Potential QCs: Judges do not see some conduct

The current process for awarding the title of QC does not allow “sufficient opportunity” for inappropriate behaviour witnessed by opponents or even court staff to be recorded, the Law Society has warned.

The society said members had reported “unprofessional and dismissive” behaviour by opposing advocates in correspondence, which would not be noticed by the judge involved.

The awarding body, Queen’s Counsel Appointments (QCA), is consulting on changes to its competency framework, which would create a separate sub-competency linked to the section on integrity under the heading ‘commands confidence’.

In the current competency framework, QCs are expected to be “honest and straightforward in professional dealings” with the court and with the parties, always behaving “so as to command the confidence of the tribunal and others involved in the case”.

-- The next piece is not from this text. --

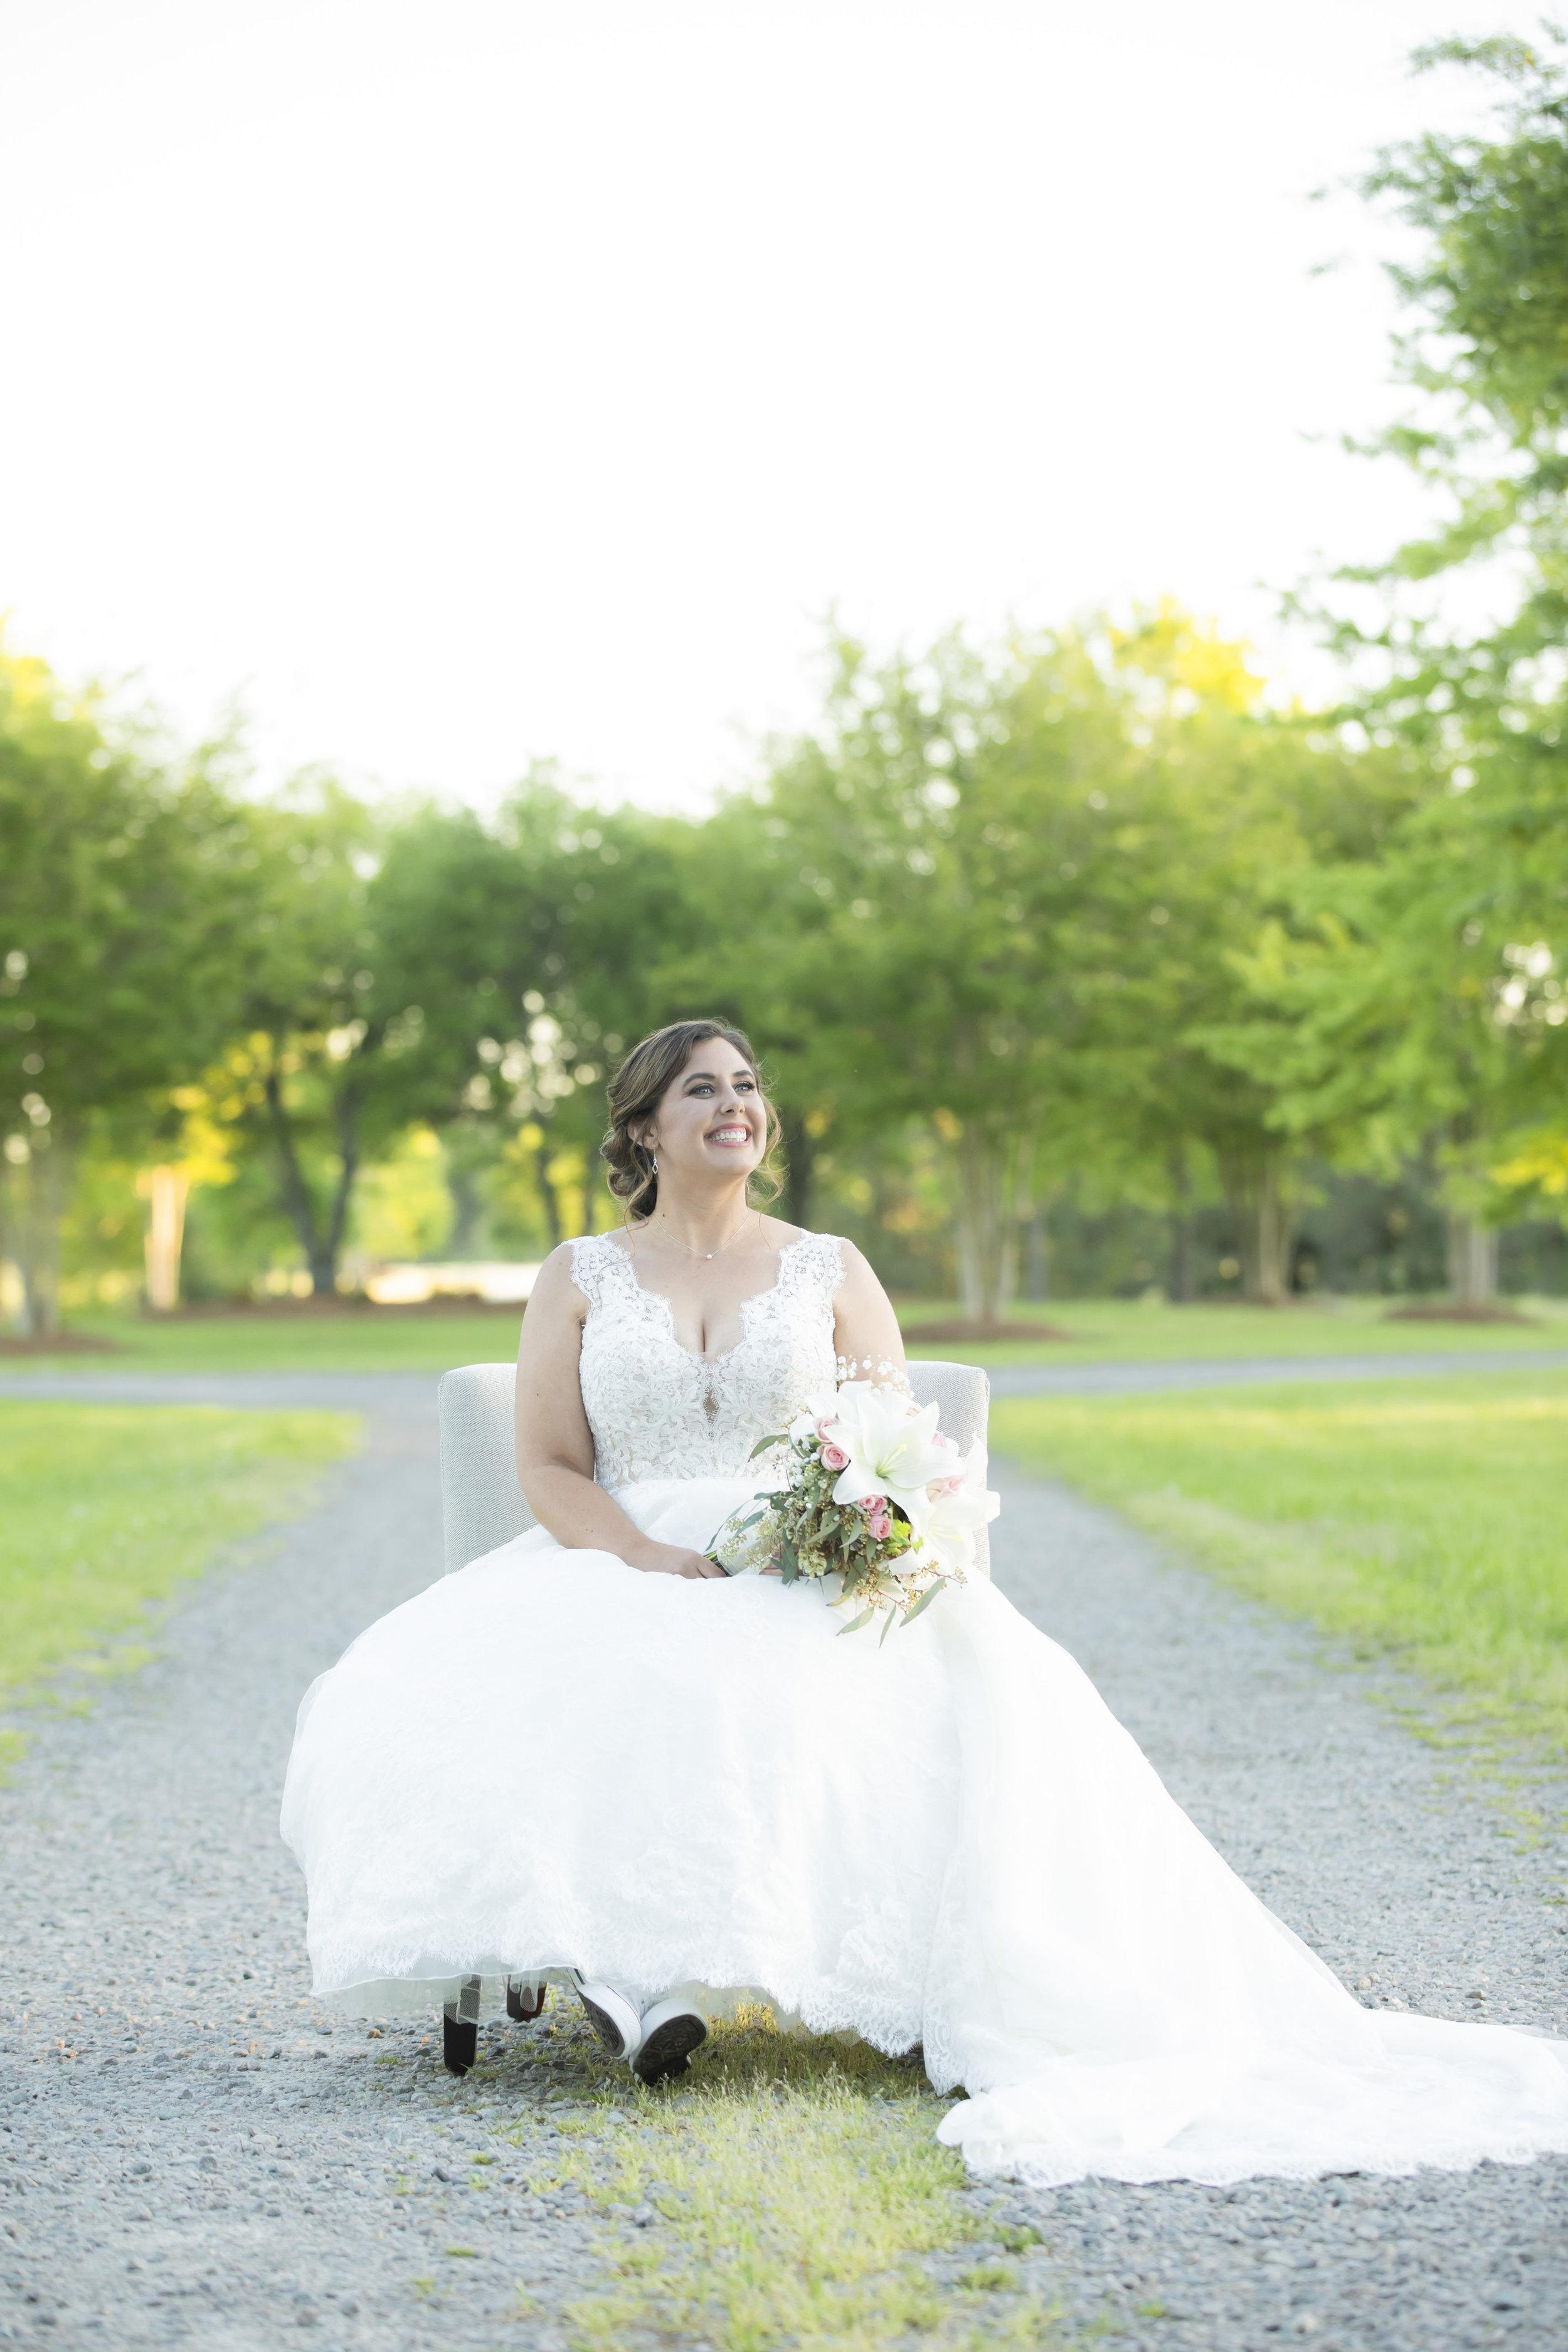 Bridal-Bridal-0086.jpg

The Law Society agreed with the QCA that a separate sub-competency on the issue of confidence should be created.

“It is recognised that, other than where there has been a professional disciplinary sanction, the current process does not allow sufficient opportunity for the inappropriate behaviour by advocates to be recorded during the application process.”

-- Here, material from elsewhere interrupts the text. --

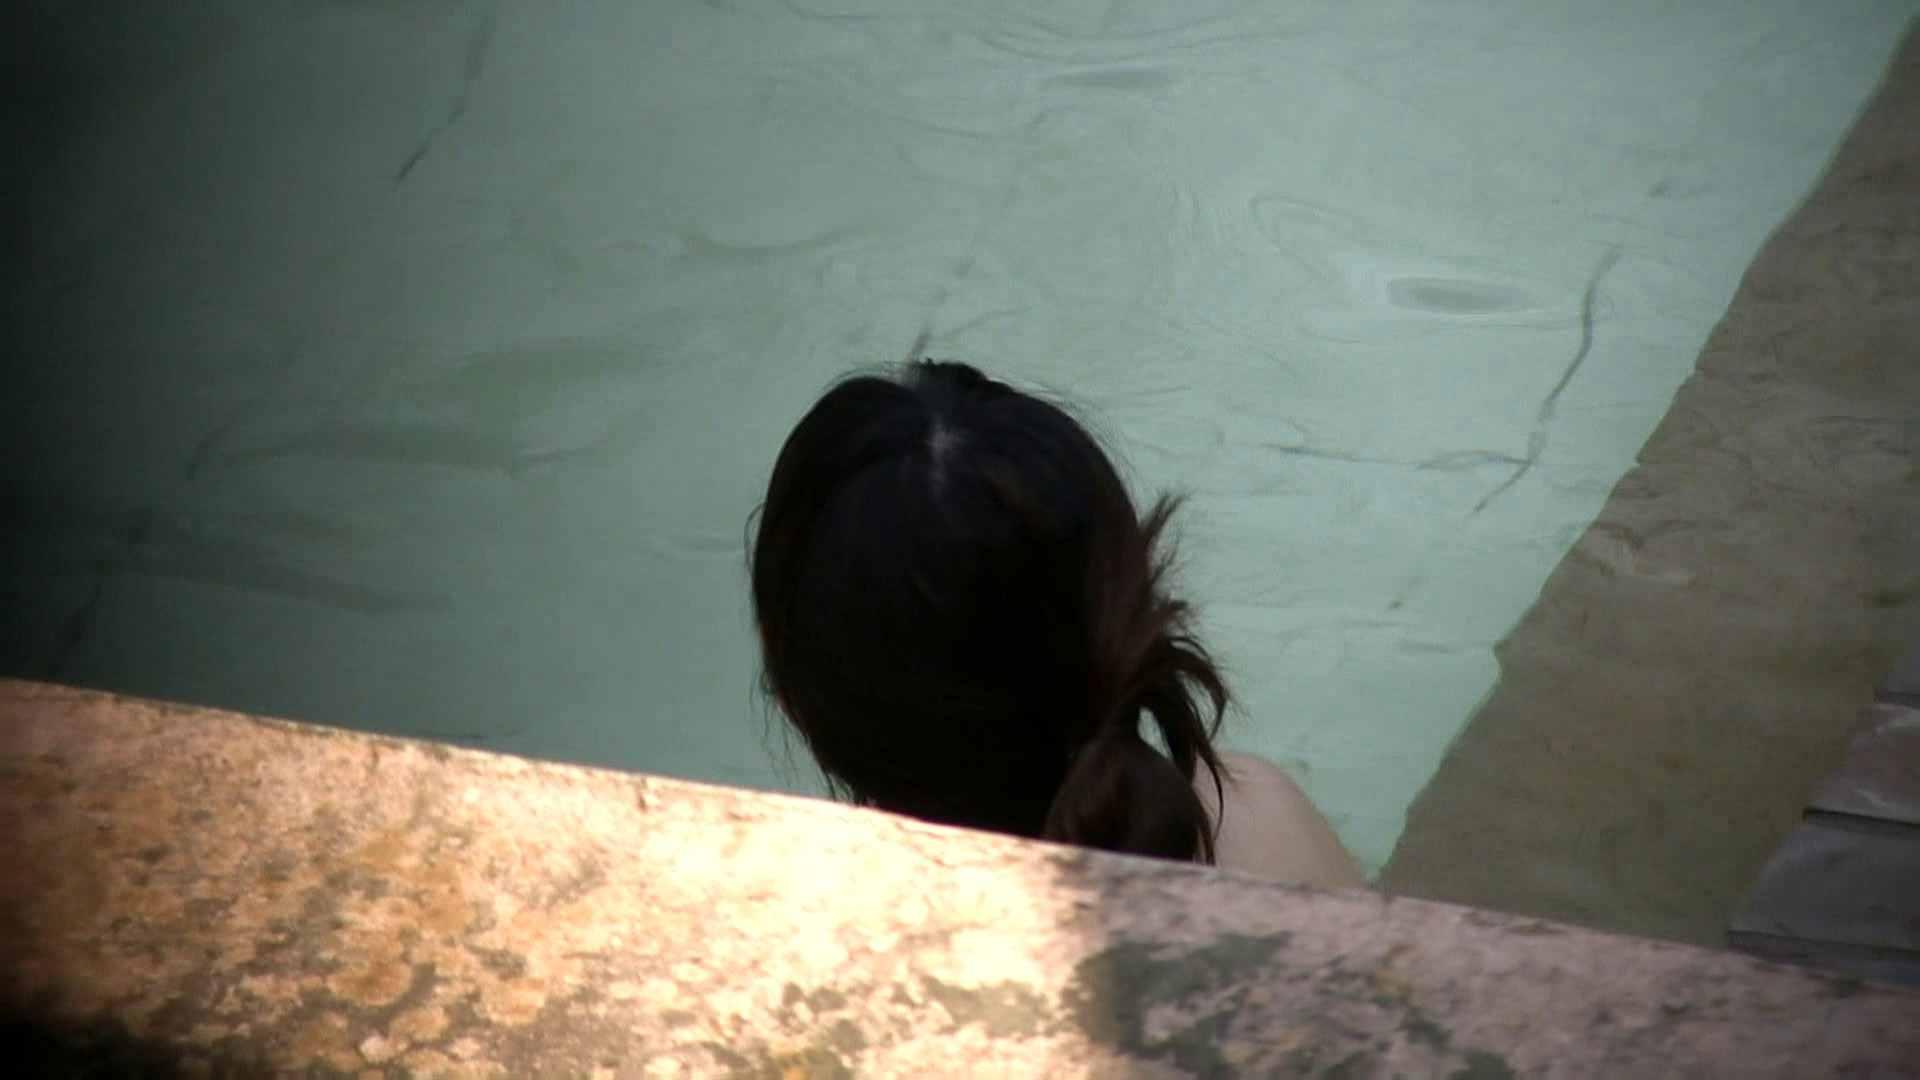 Aquaな露天風呂Vol.652 盗撮 | HなOL  105pic 9

The society said there had been “recent high-profile examples” of QCs being subject to disciplinary action after making allegations about other silks in a case.

“Our members, however, have reported first-hand accounts of encountering unprofessional and dismissive behaviour between the opposing counsel during correspondence on a case and highlighted specifically this taking place in the absence of a judge.

“It is acknowledged that, whilst the party in question was competent, highly skilled and polite in the presence of the judge, the proposed sub-competency seems appropriately designed to address this problem and can ensure such examples are recorded where relevant as part of the selection process.”

The society said this could be a “challenging area” for an advocate, particularly when QCs were “expected to be fearless and advance their client’s cases robustly if and where necessary, particularly in the criminal context where advocacy can become tense, and on some occasions, confrontational”.

The society said this should be taken into account in the QC selection process, and to avoid “fearless advocacy in difficult and challenging cases” being prevented, ‘reasonable belief’ should feature in the new sub-category.

Under the society’s amended wording, a potential QC “does not make assertions or allegations that he or she does not reasonably believe are supported by proper factual basis or (where appropriate) instructions from the client”.

The society proposed that the existing system for consulting senior judges when checking integrity should be extended to cover the ‘commands confidence’ sub-competency.

“Caution should be applied to the extent to which anecdotal evidence assists the selection panel in such scenarios of reporting behaviour.

“Judges will not be privy to what the client’s instructions are and any such evidence should be pursued fairly.

“The selection panel should guard against inadvertently setting a restriction on robust advocacy where this is required, particularly in the criminal court.”

The society said the “vast majority” of solicitor applicants for silk were international arbitration specialists whose work mainly took place outside the courts.

“We would suggest that consideration should be given to asking candidates to provide the contact details for the presiding arbitrator in each case relied upon, so that the assessors could ask them specifically about the integrity and commands confidence competencies, even if those persons are not referees.”

The society said that for advocacy performed in the courts, judges should be encouraged to consult colleagues on the new sub-competency and not be limited on whom they consult.

“In the case where court staff may witness behaviour that would not be repeated in court before the judge, it is imperative for the process to allow any such accounts to be recorded.

“It is accepted that it may be difficult to obtain reliable anecdotal evidence that is not tainted by hearsay or a personal grudge and this may cause a hurdle in the way of this proposed sub-competency.”